Setiap tanggal 10 November 2012, kita memperingati peristiwa yang sangat bersejarah dalam perjalanan perjuangan bangsa, yaitu Hari Pahlawan.

Setiap tanggal 10 November 2012, kita memperingati peristiwa yang sangat bersejarah dalam perjalanan perjuangan bangsa, yaitu Hari Pahlawan.

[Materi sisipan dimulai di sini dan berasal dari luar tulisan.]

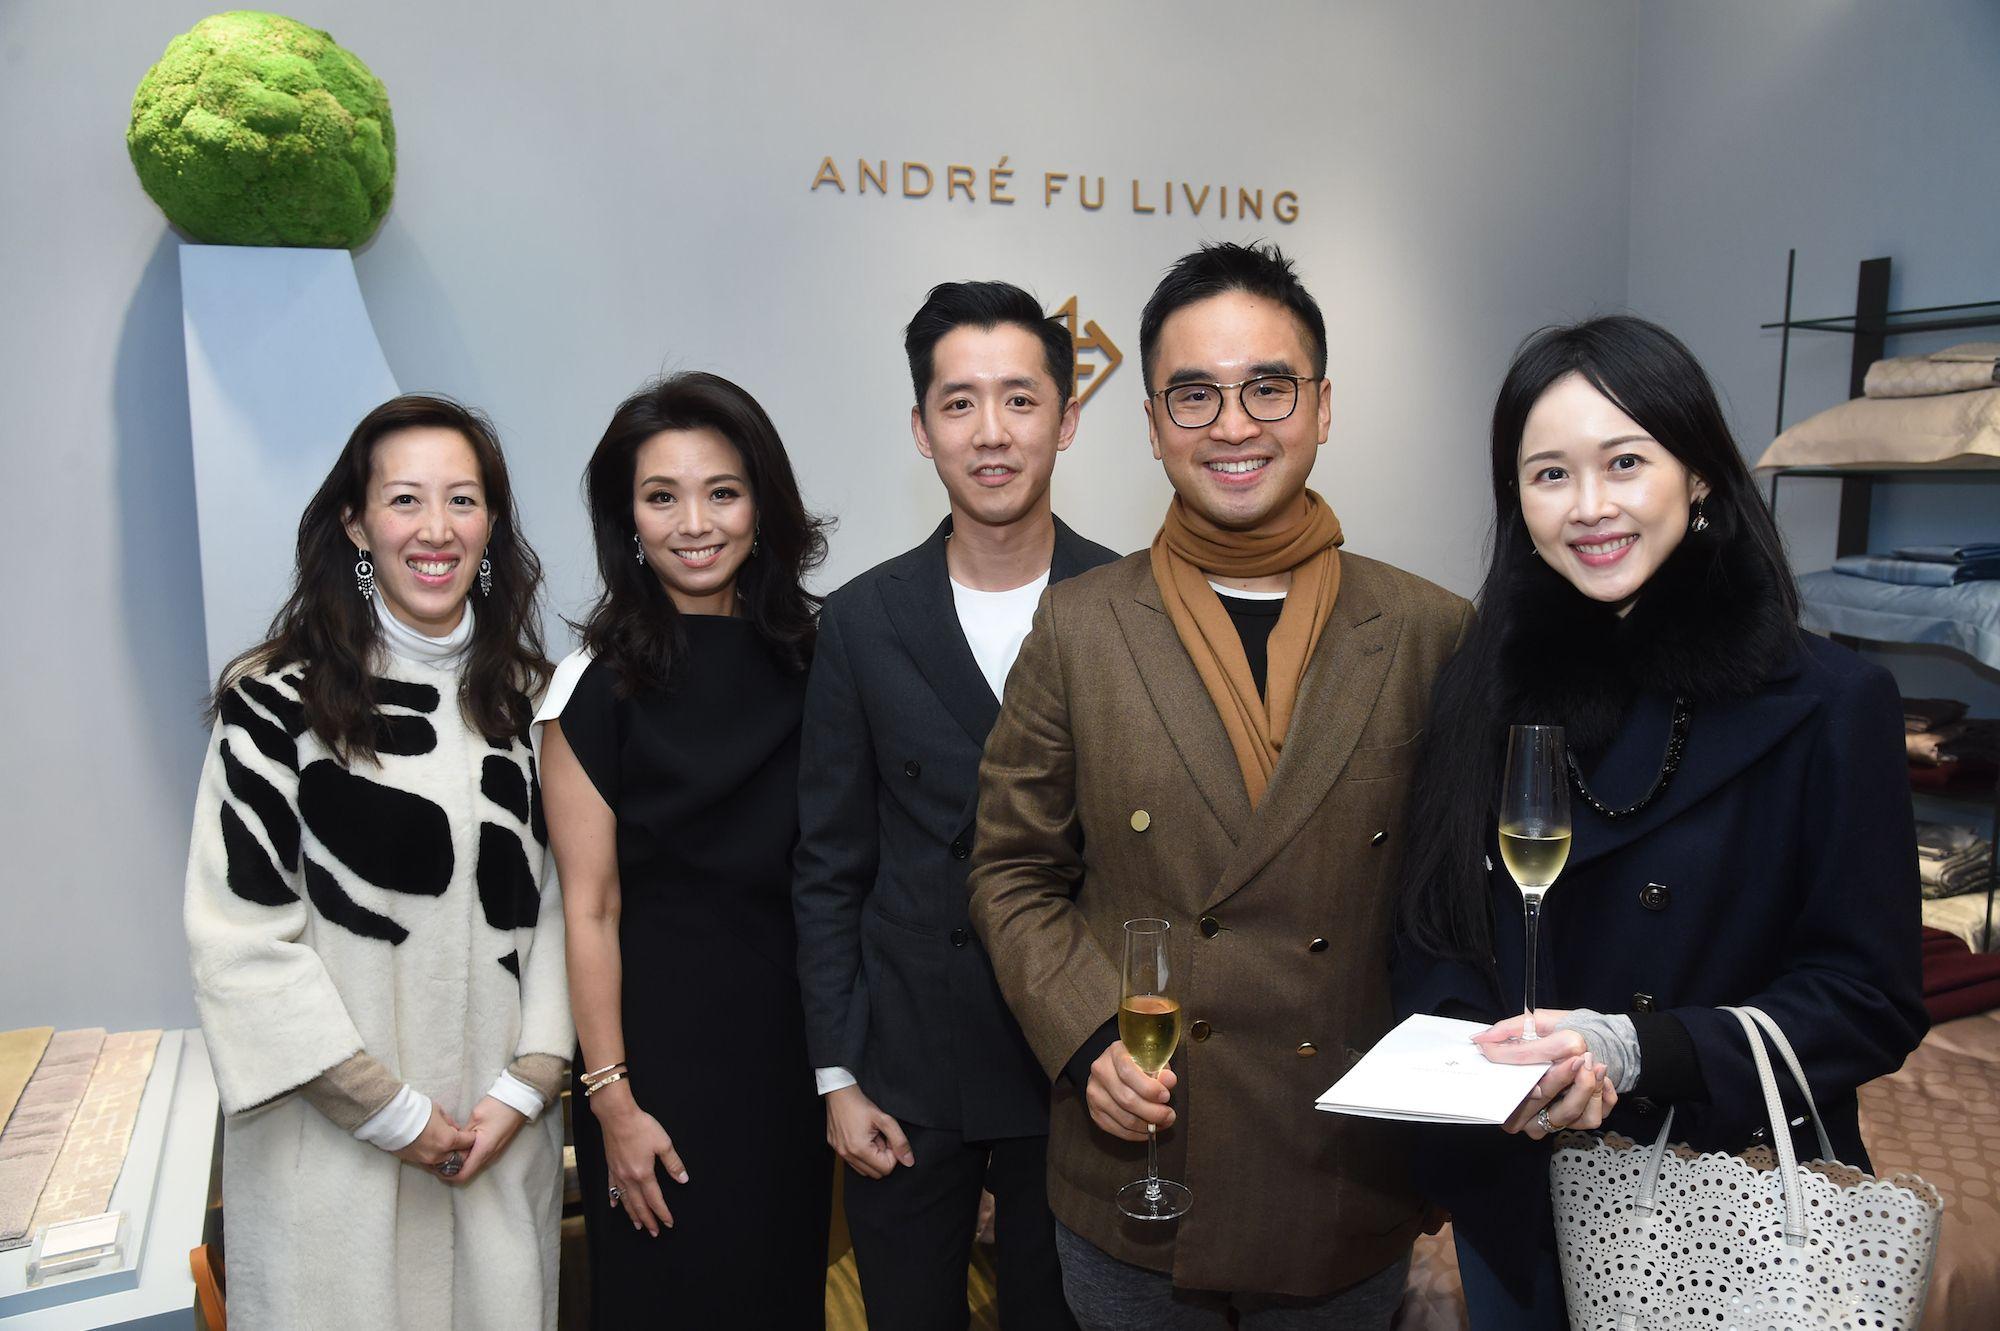 Nikki Ng, Anne Wang-Liu, André Fu, Adrian Cheng, Jacqueline Chow

Peringatan Hari Pahlawan ini mengambil momentum peristiwa berdarah- darah ketika Mayor Jenderal Robert Mansergh, pengganti Brigadir Jenderal Mallaby yang terbunuh sebelumnya, memberi ultimatum kepada para pemimpin dan rakyat Indonesia untuk meletakkan senjata dan menyerahkan diri. Batas ultimatum adalah pukul 6.00 pagi tanggal 10 November 1945. Tapi sampai batas waktu yang telah ditentukan, ultimatum tersebut tidak digubris, bahkan ditolak para pimpinan dan rakyat Indonesia dengan melakukan perlawanan senjata.

Para pemuda kita waktu itu mengorganisasi diri untuk melakukan perlawanan.Akhirnya pecahlah perang dan konfrontasi senjata yang telah mengakibatkan banyaknya para pejuang kita yang tewas berguguran dalam konfrontasi tersebut. Peristiwa heroik lainnya yang bisa dijadikan inspirasi atas nilai-nilai kepahlawanan adalah peristiwa Bandung Lautan Api, yang terjadi pada tanggal 24 Maret 1946.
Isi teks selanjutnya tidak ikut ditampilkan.